# gc plates with tein damper kit



## mrRICEguy (Jan 1, 2004)

the gc camber plates obviously wont fit with any tein damper kits.....BUT....i forgot what thread this came from but i remember it saying that there was an adapter to allow the gc plates to fit.....i know that tein plates are a better option and much cheaper....im just wondering if gc plates really does have an adapter that'll fit with the tein damper kits????anyone know anything about this?


----------



## morepower2 (Apr 19, 2002)

mrRICEguy said:


> the gc camber plates obviously wont fit with any tein damper kits.....BUT....i forgot what thread this came from but i remember it saying that there was an adapter to allow the gc plates to fit.....i know that tein plates are a better option and much cheaper....im just wondering if gc plates really does have an adapter that'll fit with the tein damper kits????anyone know anything about this?

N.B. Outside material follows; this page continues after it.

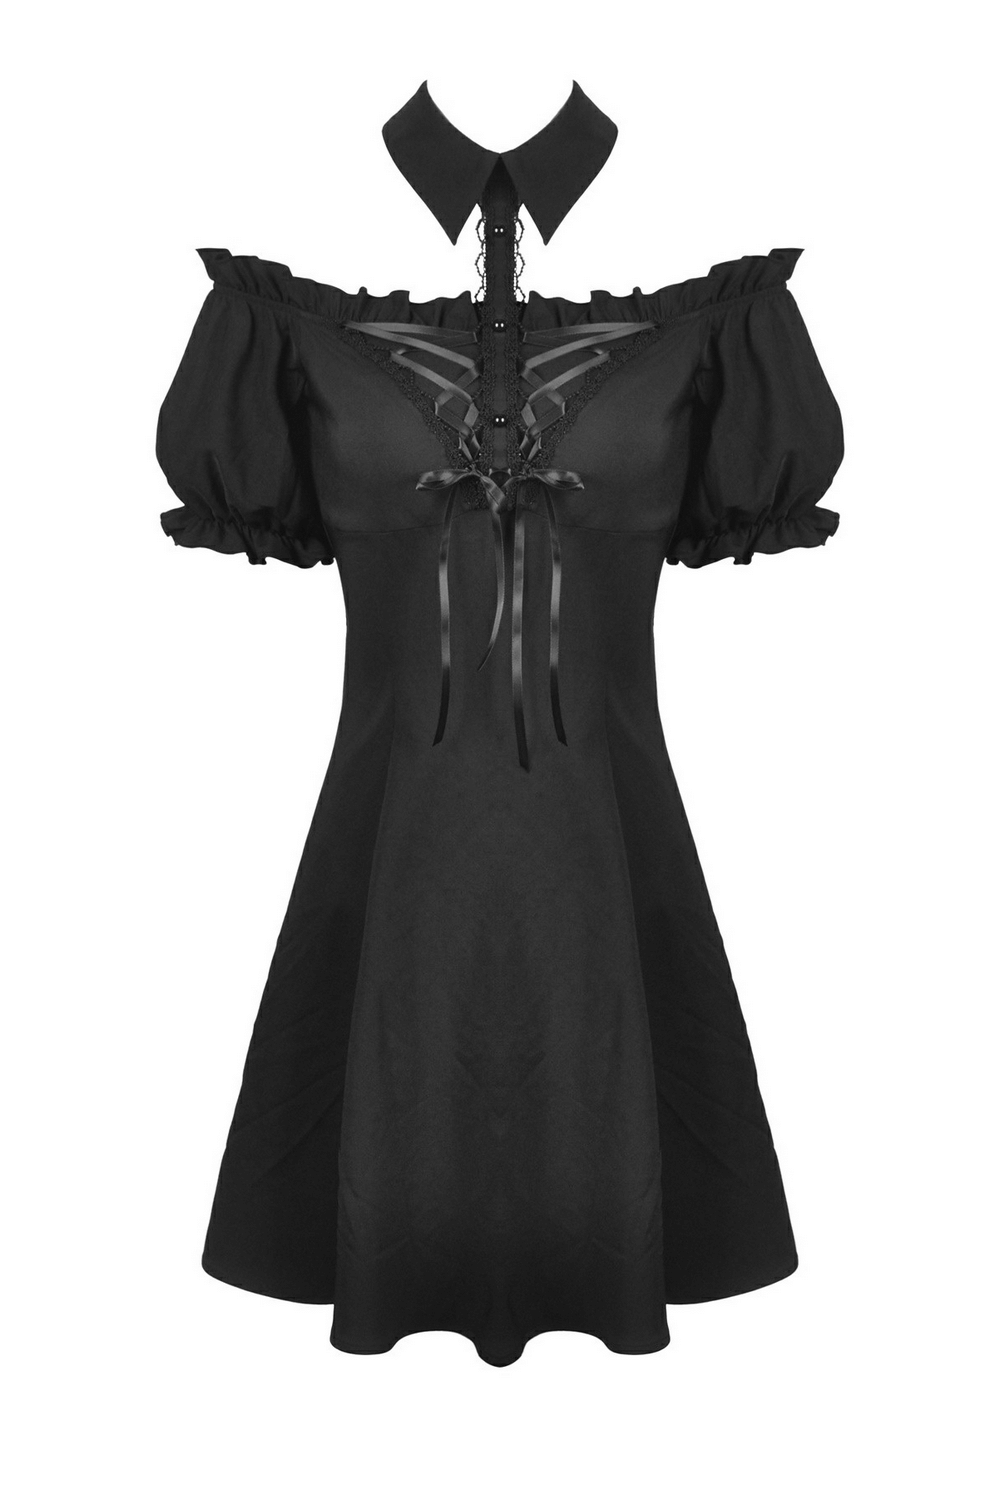 Women's Gothic Off-Shoulder Dress with Choker Collar

You need to modify the upper spring seat and run the cylindrical spacer that comes with the kit between the plate and the end of the shaft.. Talk to Tony at GC and he can make you an adaptor, tell him its the same as the one he made for Mike Kojima.

Mike


----------



## PatScottAKA99XE (Apr 30, 2002)

Im still waiting for someone to try GC ERS's on the SS kit. If I had some ERS's I would do it myself. I almost think it can be done.


----------



## mrRICEguy (Jan 1, 2004)

morepower2 said:


> You need to modify the upper spring seat and run the cylindrical spacer that comes with the kit between the plate and the end of the shaft.. Talk to Tony at GC and he can make you an adaptor, tell him its the same as the one he made for Mike Kojima.
> 
> Mike


if this is done then ill have that extra 3/4" wheel travel?


----------



## morepower2 (Apr 19, 2002)

mrRICEguy said:


> if this is done then ill have that extra 3/4" wheel travel?


yes and the car will be super low.

Mike


----------



## mrRICEguy (Jan 1, 2004)

any idea on the price for the adapter?


----------



## Greg200SE-R (Feb 5, 2003)

PatScottAKA99XE said:


> Im still waiting for someone to try GC ERS's on the SS kit. If I had some ERS's I would do it myself. I almost think it can be done.


How come you want to change the springs to ERSs? More spring rate choices? I suppose if the dimensions of the springs are the same, they should be interchangeable.

I'm going to change out my B14 SS rear springs from the "OE" Tein 5kg to a new set of their 6kg springs this weekend.


----------